Листиана, Фадей – вы просто великолепны! Можете не стесняясь держаться за руки, друзья мои.
Арсений – нет слов! Реинкарнация Брэда Питта!
Я сражен. Я сам не ожидал такого результата. Давайте-ка все обнимемся!
Участники в сопровождении своих операторов появлялись в полукруглом зале веранды и выстраивались вдоль стены поодаль друг от друга – там, где каждого из них просили остановиться. Вертели головами, стараясь разглядеть хоть что-нибудь сквозь шоры «сумрака», висевшие у каждого на уровне глаз, и на всякий случай растягивали губы в приветливо-настороженных, выжидательных улыбках.
Наконец все собрались.
Доктор Голев спрыгнул с подоконника, на котором сидел до этого, побалтывая ногами и потягивая кофе из чашечки.
– Всем здравствуйте, – буднично сказал он. – Можете снять ваши маски и посмотреть друг на друга.
Этот день навсегда остался в памяти у Андреа как череда потрясений, накатывающих, словно волны, попеременно и внахлест, перекрывая и усиливая друг друга. Все было очень, очень ярко.
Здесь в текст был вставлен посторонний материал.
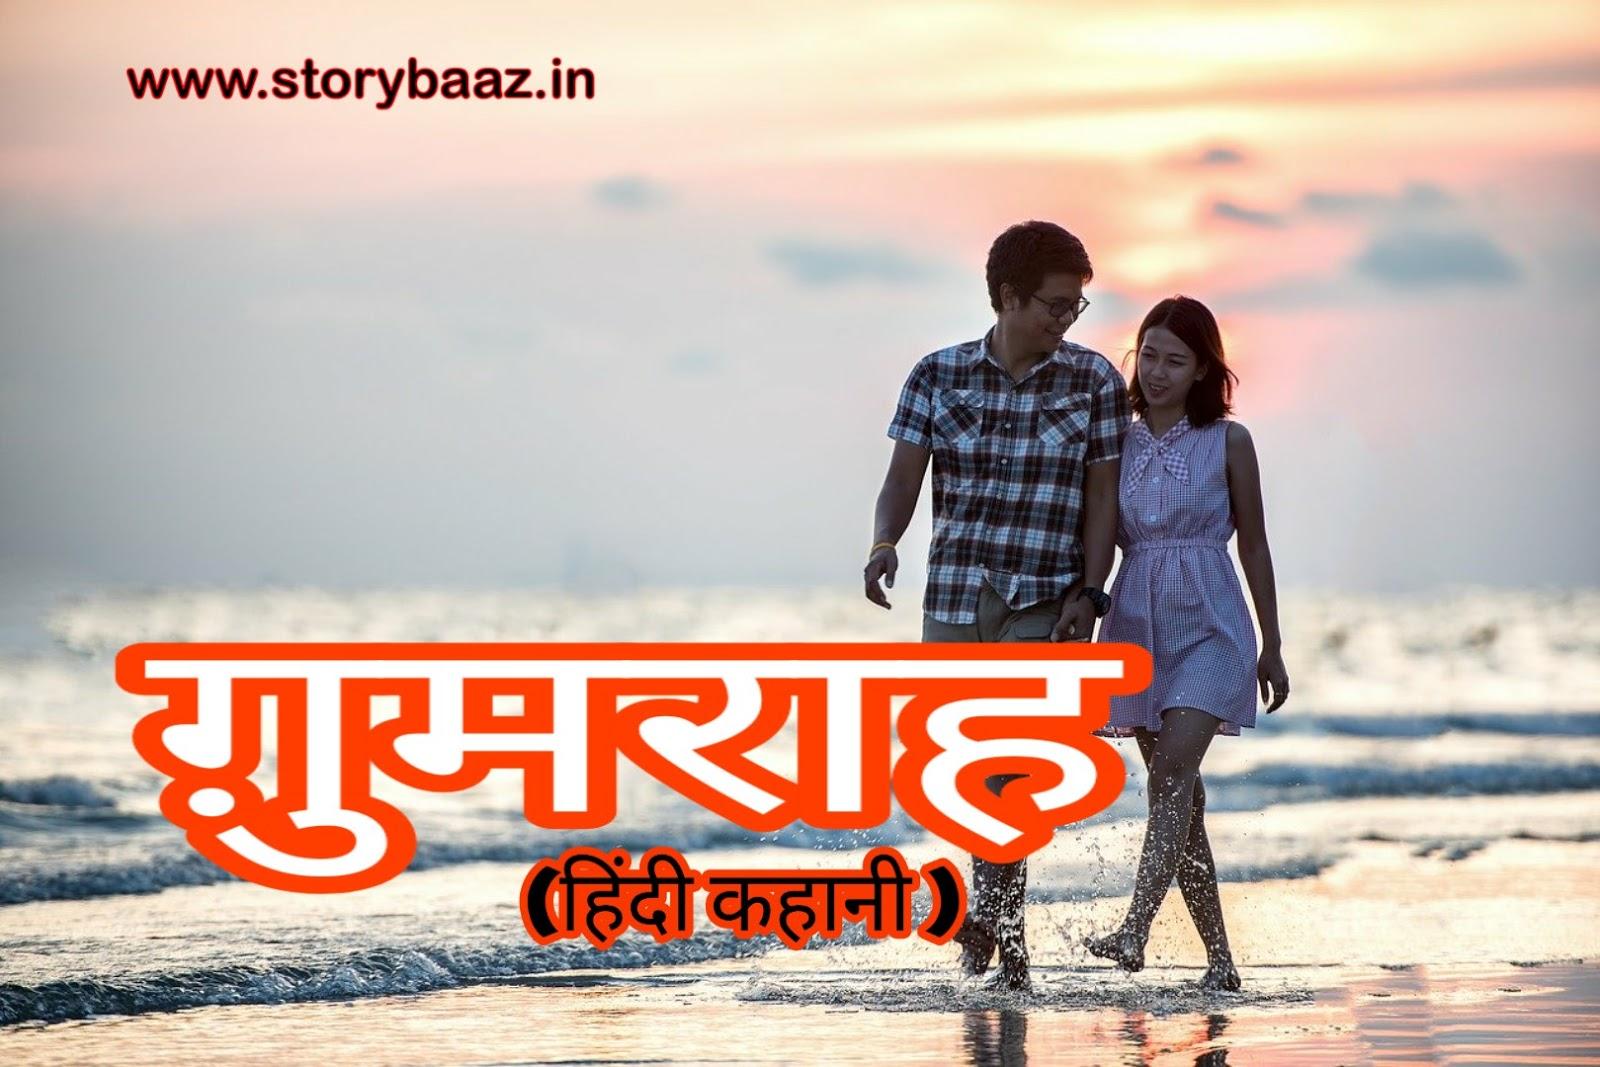 gumraah-school-love-story-in-hindi-teacher-student-love-story-in-hindi-photo-new-hd-photo

Все: ее отражение в зеркале; тонкокостная молодая красота рук, вытянутых перед лицом и жадно, ненасытно рассматриваемых; длинные тонкие пальцы с ухоженными ногтями; ее тело, такое… подвижное, готовое вспорхнуть и вылететь из комнаты, покружившись под потолком, словно в сказочной истории про Питера Пэна и Венди; преображенные, счастливые лица других участников, их радостные возгласы взаимного узнавания, взрывы хохота, поцелуи, слезы и рыдания на груди у своих операторов и у доктора Голева, который каждому раскрывал объятия с видом комической и потому совершенно не обидной обреченности…
А этот божественный здоровый завтрак! Овсянка с ягодами, вареное яйцо, два хрустящих вафельных хлебца с джемом, чашка чая, стакан воды. Андреа не осилила и половины порции – и при этом наелась досыта!
Еще вчера эта еда показалась бы ей пресной, скучной, и Андреа обязательно потребовала бы кофе, и тянула бы эту чашечку минут пятнадцать, но так и не получила бы от нее ожидаемого удовольствия: ну какое может быть удовольствие от кофе без сигареты?! И вышла бы из-за стола с привычным чувством раздражения и тоски. И на утреннем семинаре доктор Алекс снова сказал бы о ней: наша разочарованная Хандреа. Или того хуже – «Пс-пс!».
Именно так он и сказал однажды. На самом первом семинаре, когда Андреа отказалась говорить о себе, точнее – о роли кошек в ее жизни. То есть, иными словами, она отказалась обсуждать с ними своих кошек. Наотрез.
До какого-то момента она рассказывала о кошках очень даже охотно. Только о них и говорила, если уж на то пошло. О привычке Жужу выскакивать из засады и кусать за пятки. О магических, завораживающих глазах британки Кэт. О том, как спят в своем кресле, обнявшись и переплетясь хвостами, две сестрицы – Ло и Лу, пятнистые египетские мау.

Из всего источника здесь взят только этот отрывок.